Постепенно Коста начинал чувствовать себя хозяином слова, образа… Ему не мешали чужие, навязшие в зубах строки модных поэтов, таких, как Апухтин, Надсон, Фофанов. По-осетински можно было писать просто, ясно, и не только можно, но и необходимо. Разве отец разобрался бы во всякого рода «разбитых грезах», «пылающих ланитах», «звучащих аккордах» и «больных музах»?
Что брови сдвигаешь,
Отец? Ты не прав!
Зачем принимаешь
Ты к сердцу мой нрав?..
Ружья не держу я,
Не мчусь на коне,
И шашку стальную
Не выхватить мне.
Пусть чваный злословит —
Не слушай хулы.
Стоят наготове
Мой плуг и волы, —
То дум моих бремя,
То вещий фандыр;
Несу я, как семя,
Поэзию в мир.
А сердце народа!
Как нива оно,
Где светлые всходы
Взрастить мне дано.
Коста получал от отца заботливые, ласковые письма, и все же он чувствовал, что старик Леван понимает его не до конца.
Зато письма Василия Ивановича Смирнова из Ставрополя поддерживали Коста, убеждали в правильности избранного пути. Василий Иванович с интересом расспрашивал о занятиях в академии, о Павле Петровиче Чистякове, радовался дружбе Коста с Верещагиным. Дни, когда приходили эти письма, были праздниками, и Коста тут же отвечал ему, делился сомнениями, удачами, советовался…

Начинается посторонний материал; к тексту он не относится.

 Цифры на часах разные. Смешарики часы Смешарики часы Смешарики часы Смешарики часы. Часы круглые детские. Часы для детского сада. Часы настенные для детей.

Чем увереннее входила в город весна, тем острее становилась тоска по родине, по зеленым горам и звонким ручьям, по милому Ставрополю, где сейчас уже цвели фруктовые деревья и лепестковая метель кружила по городу.
Бывали дни, когда Коста места себе не находил. После занятий он отправлялся один бродить по городу, — но не парадными улицами и площадями, где сверкали витрины и по торцовой мостовой мягко цокали копыта выхоленных коней. Он шел по Васильевскому острову, мимо маленьких деревянных домиков, на взморье…
Был конец марта. Коста взял этюдник, подаренный Верещагиным перед отъездом его в Индию. Коста был смущен тогда дорогим подарком, не решался принять его.
— Берите, берите, — ласково улыбаясь в усы, говорил Верещагин. — Мне приятно, что вы будете вспоминать меня.
И правда, раскрывая этюдник, каждый раз, а иначе говоря, ежедневно, Коста с благодарностью думал о своем старшем друге.
…День выдался солнечный, тихий, и Коста решил отправиться на взморье — писать закат. Медленно брел он по улицам, огромные лужи стыли на мостовых, бежали ручейки, ускользающее закатное солнце отражалось в стеклах домов, обращенных на запад. Коста шел погруженный в свои думы, и, порою забывая, где он находится, останавливался, оглядывался.
— Стой! — раздался над самым его ухом резкий окрик. Чья-то грубая рука схватила этюдник.
Коста в растерянности остановился, однако этюдник из рук не выпустил.
— Документы!
Коста торопливо шарил в кармане и, нащупав студенческий билет академии, протянул одному из патрульных. Только сейчас он заметил, что стоит перед длинным дощатым забором, за которым виднеются приземистые здания.
— Господин студент? Они-то и есть самые неблагонадежные, — сказал патрульный своему напарнику. — Что вы здесь делаете?
— Хотел написать заход солнца…
— А другого места вы для этого не нашли? — усмехнулся второй патрульный, маленький и кривоногий. — Именно возле снарядного склада вам надо рисовать закат?